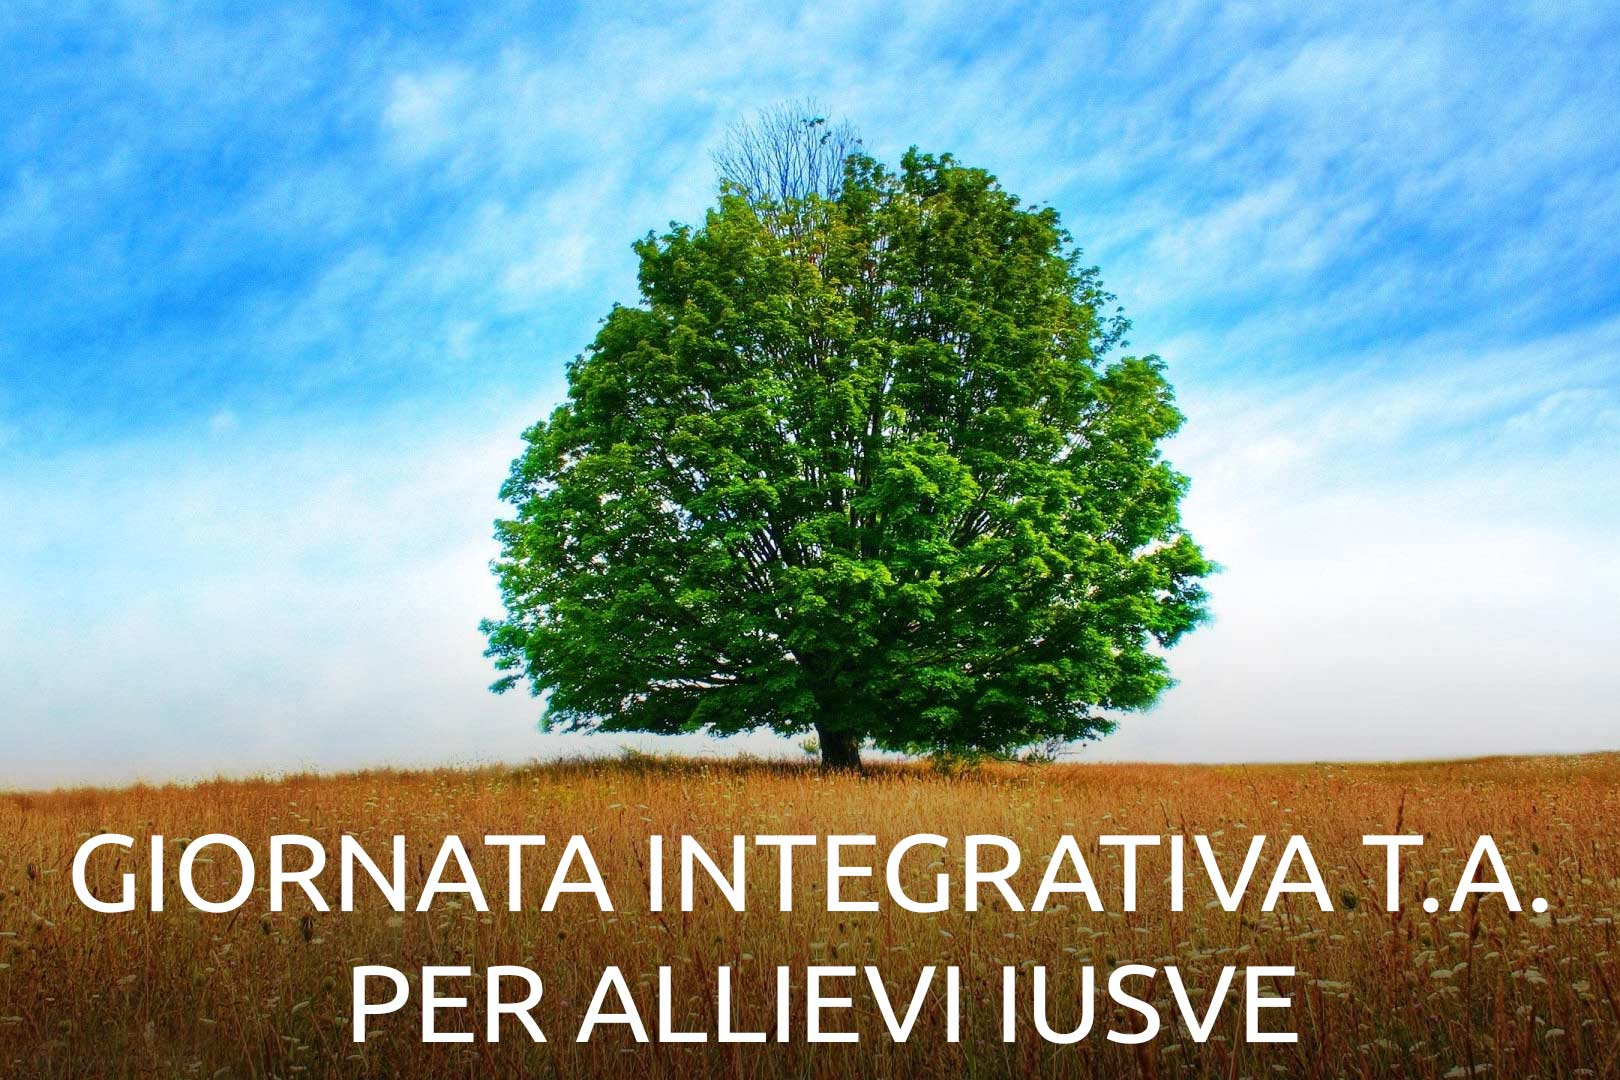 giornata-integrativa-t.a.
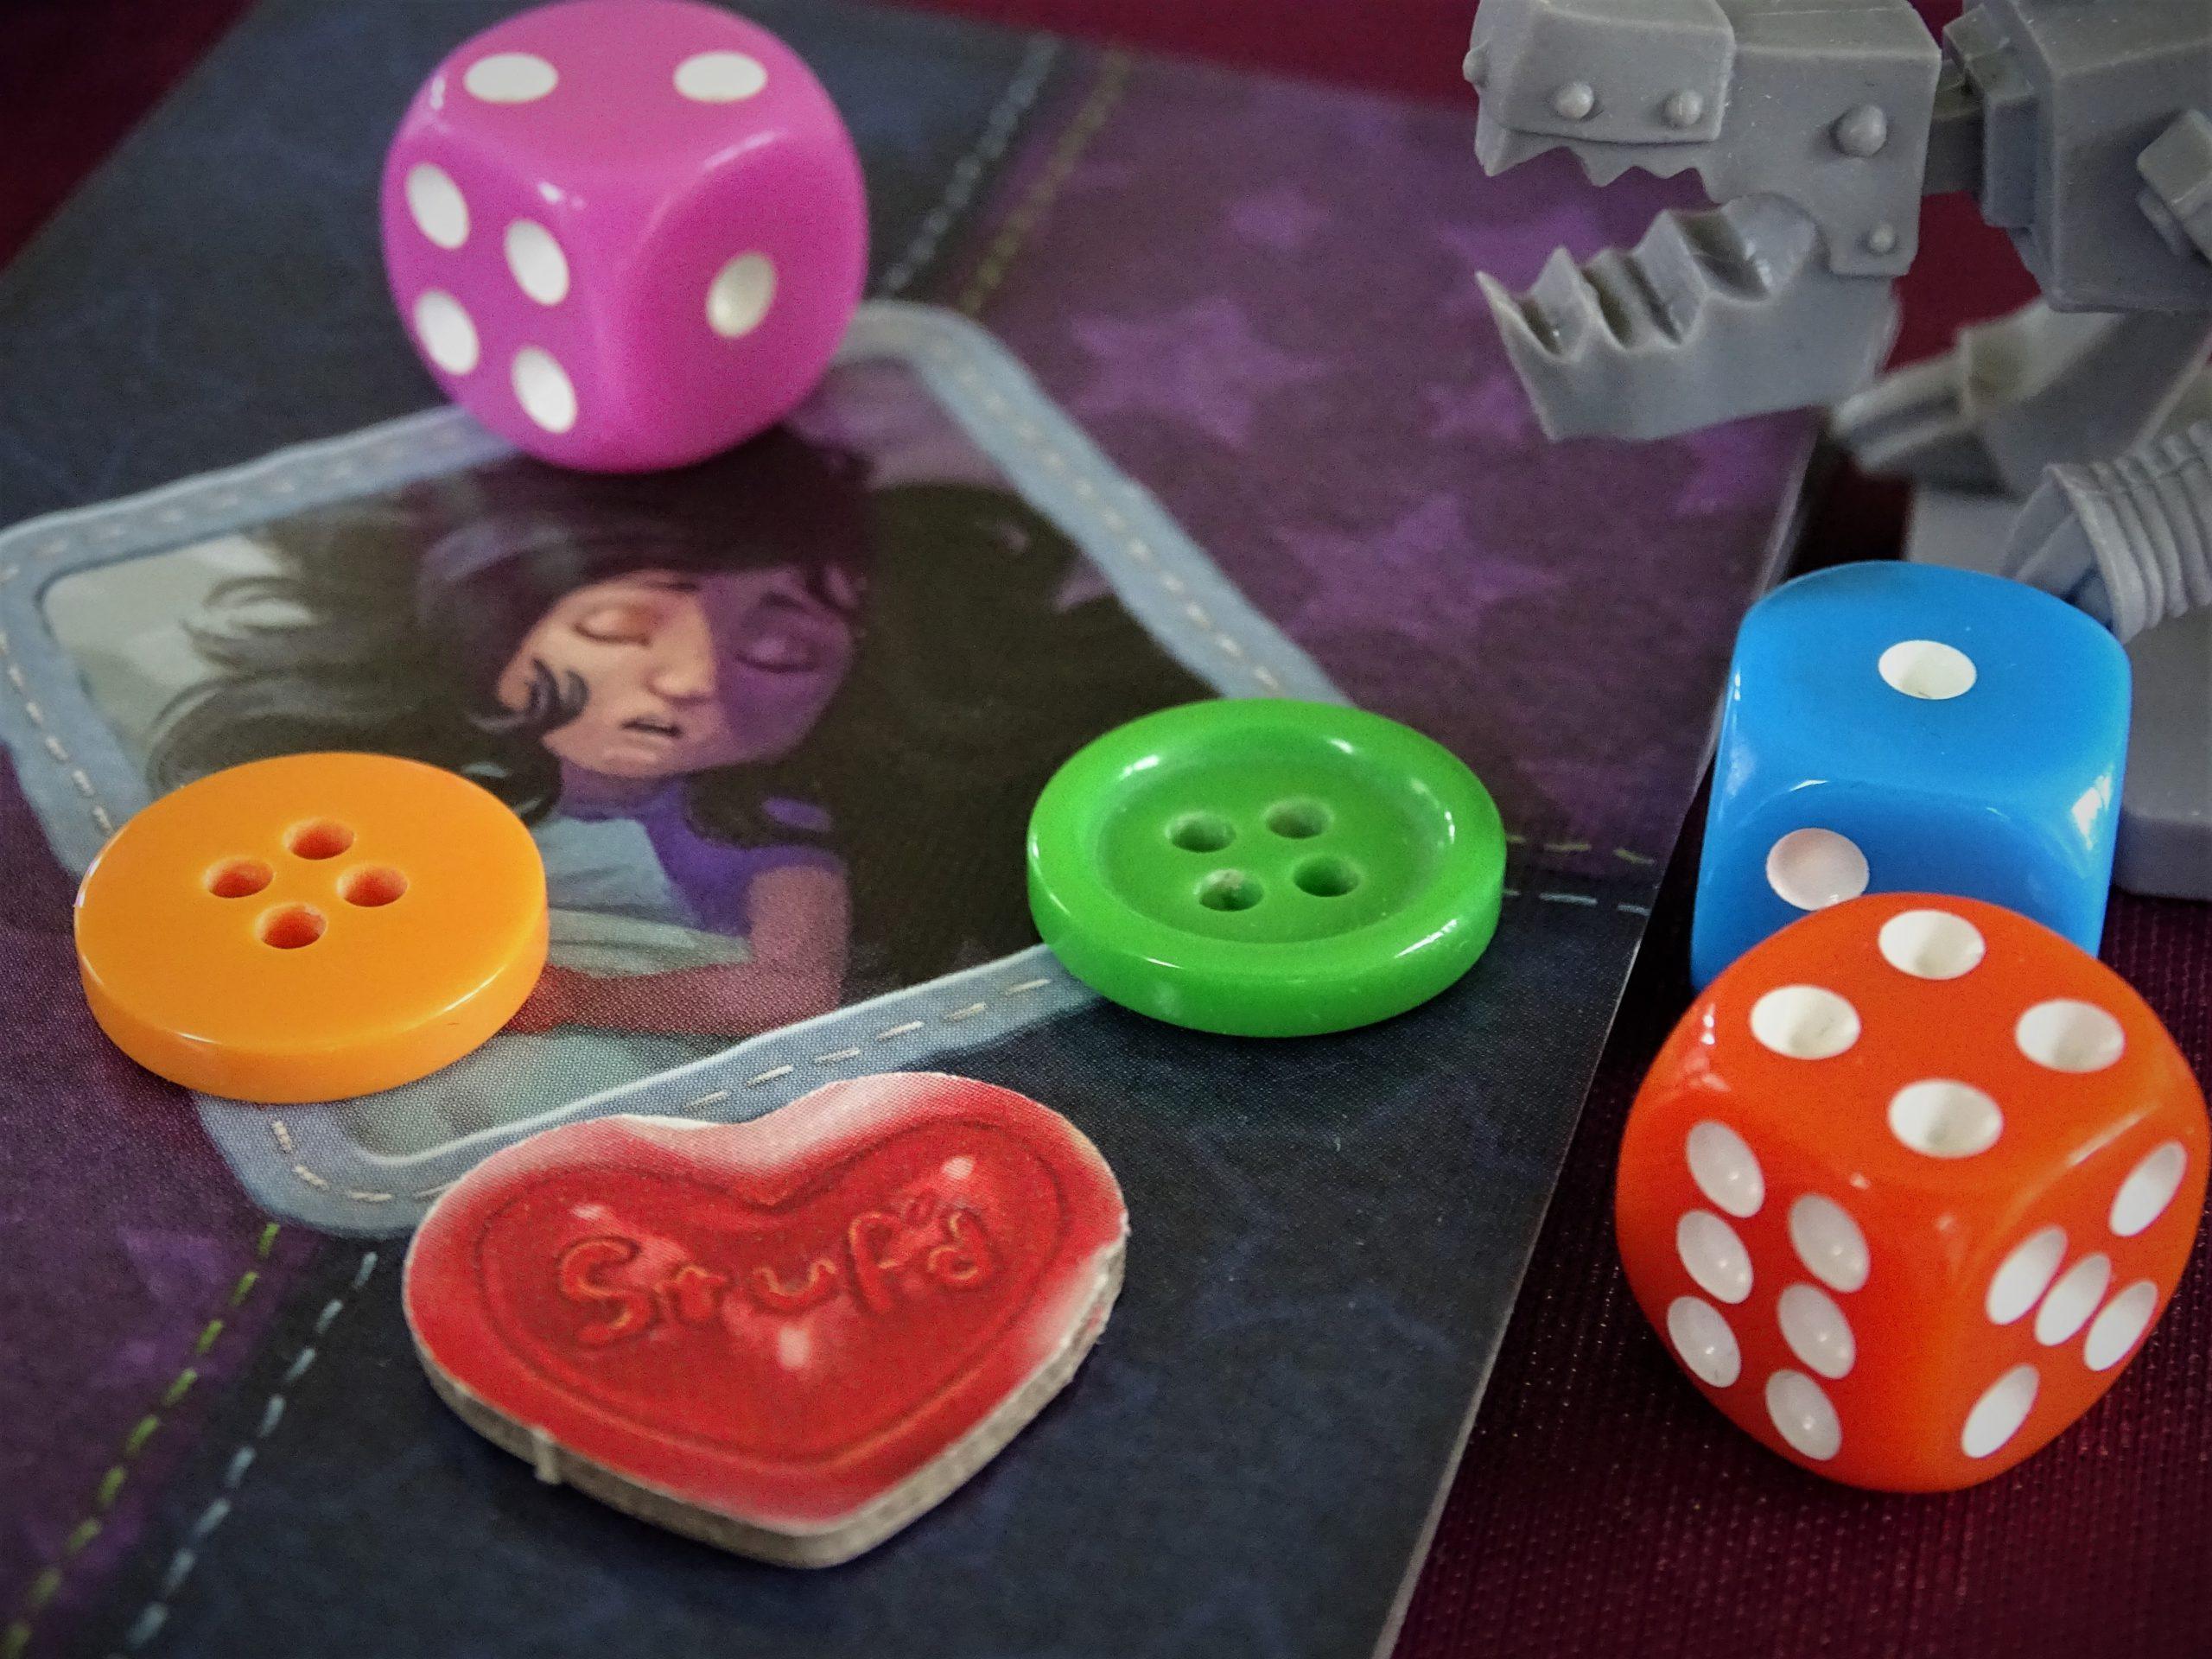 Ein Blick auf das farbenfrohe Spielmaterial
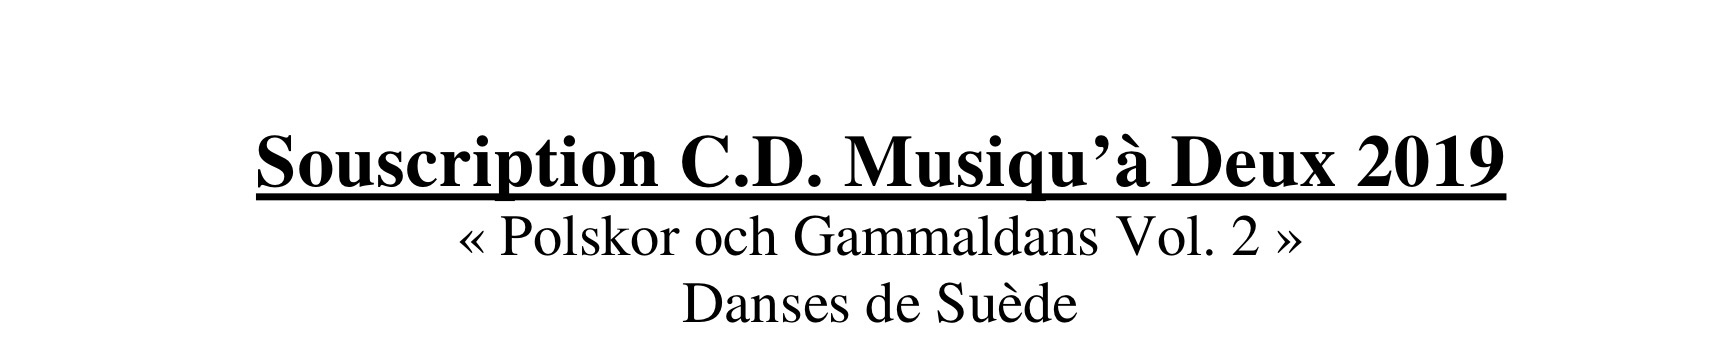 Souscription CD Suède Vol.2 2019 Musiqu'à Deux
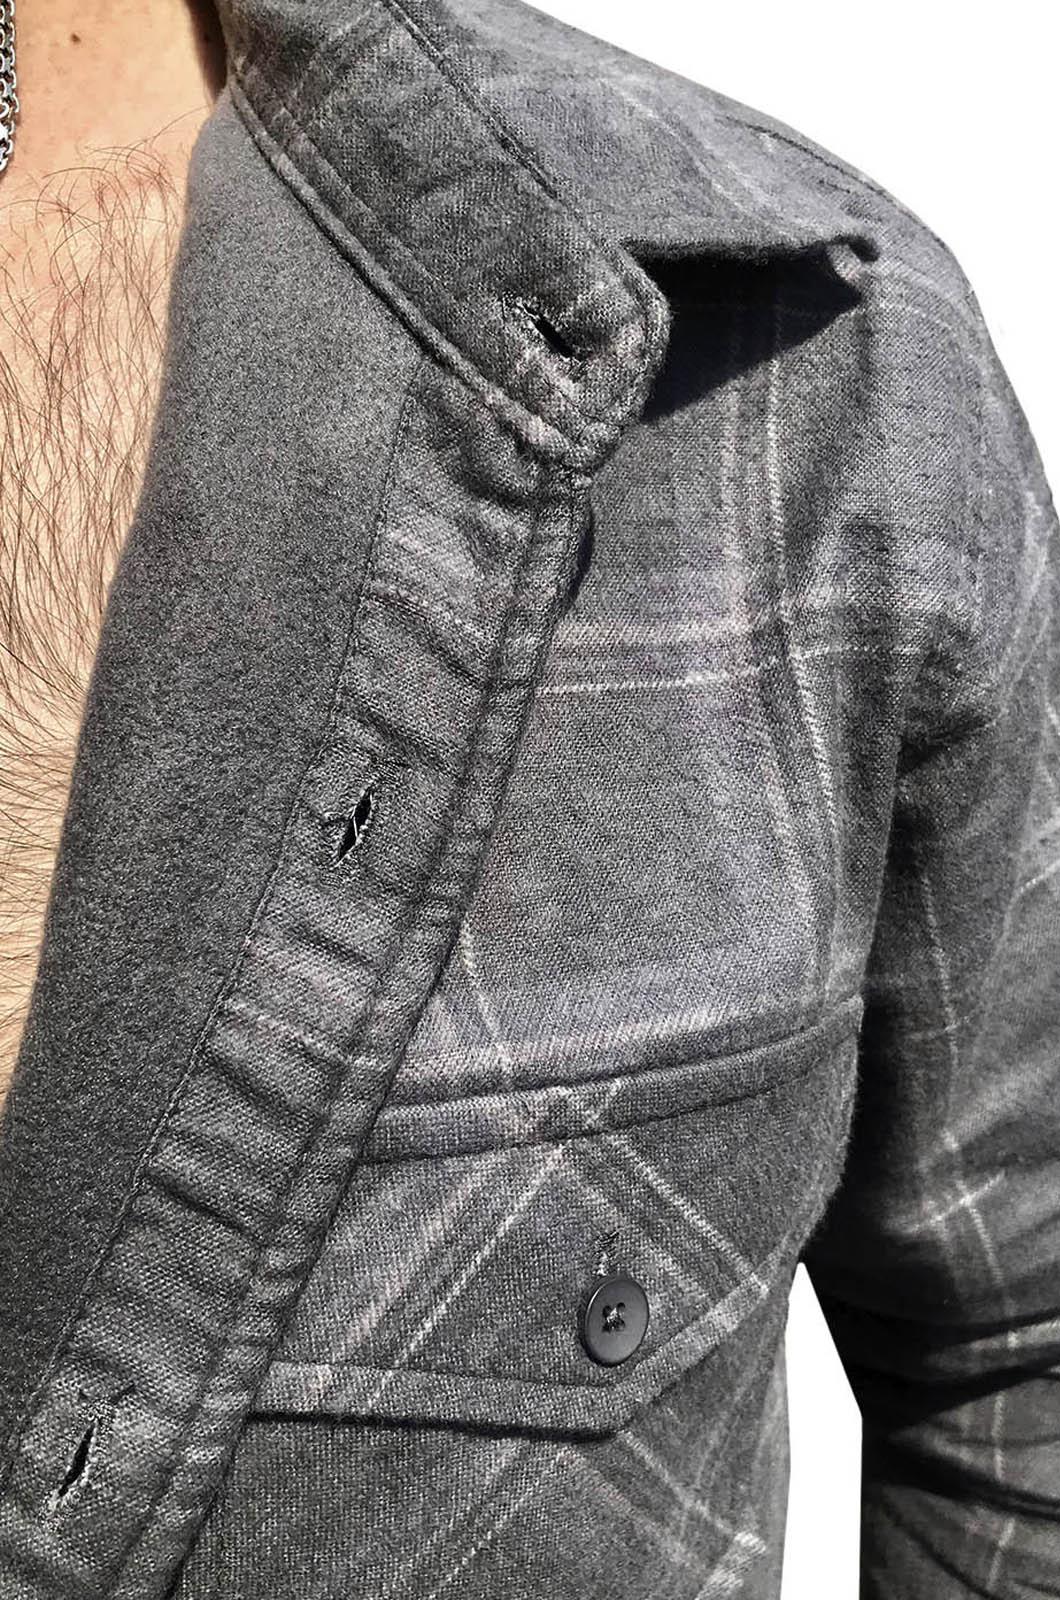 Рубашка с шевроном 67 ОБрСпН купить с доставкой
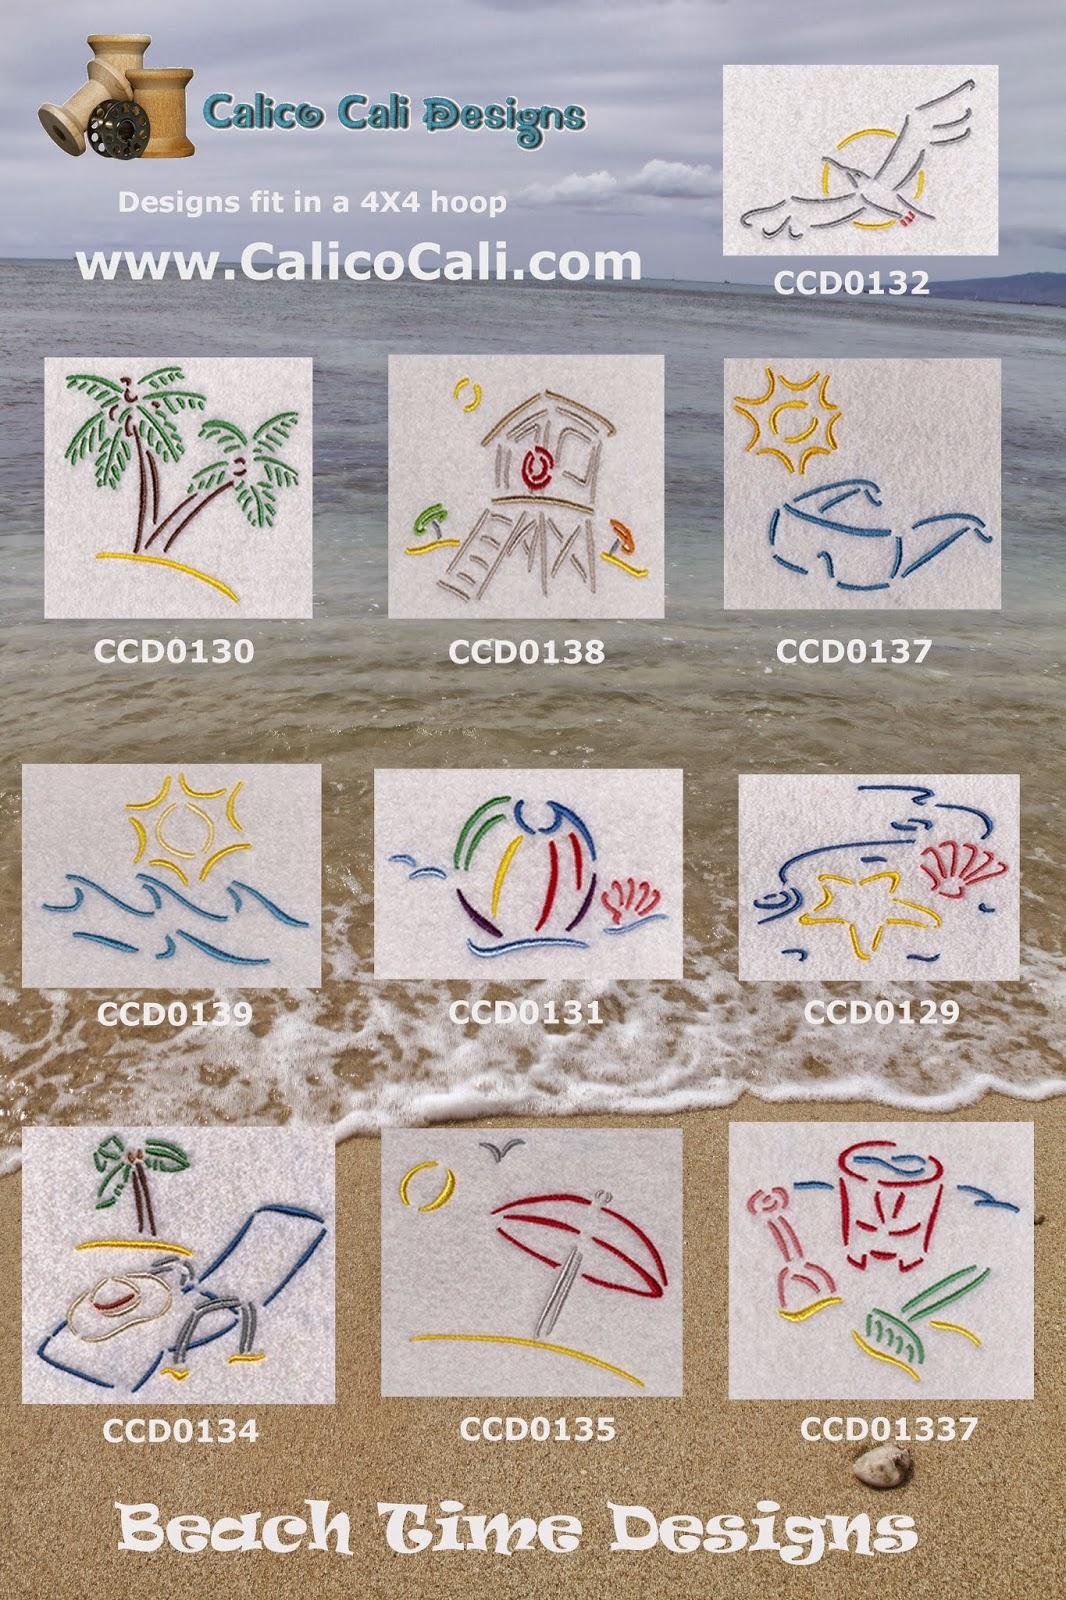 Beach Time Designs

• REQUIRED ACTION:
Omit the pictures, then extract verbatim only those lines that fall between the line containing "Ein Blick auf das farbenfrohe Spielmaterial" and the final line of the records above, both included.

• FINAL ANSWER:
 Ein Blick auf das farbenfrohe Spielmaterial
 Souscription CD Suède Vol.2 2019 Musiqu'à Deux
 Рубашка с шевроном 67 ОБрСпН купить с доставкой
 Beach Time Designs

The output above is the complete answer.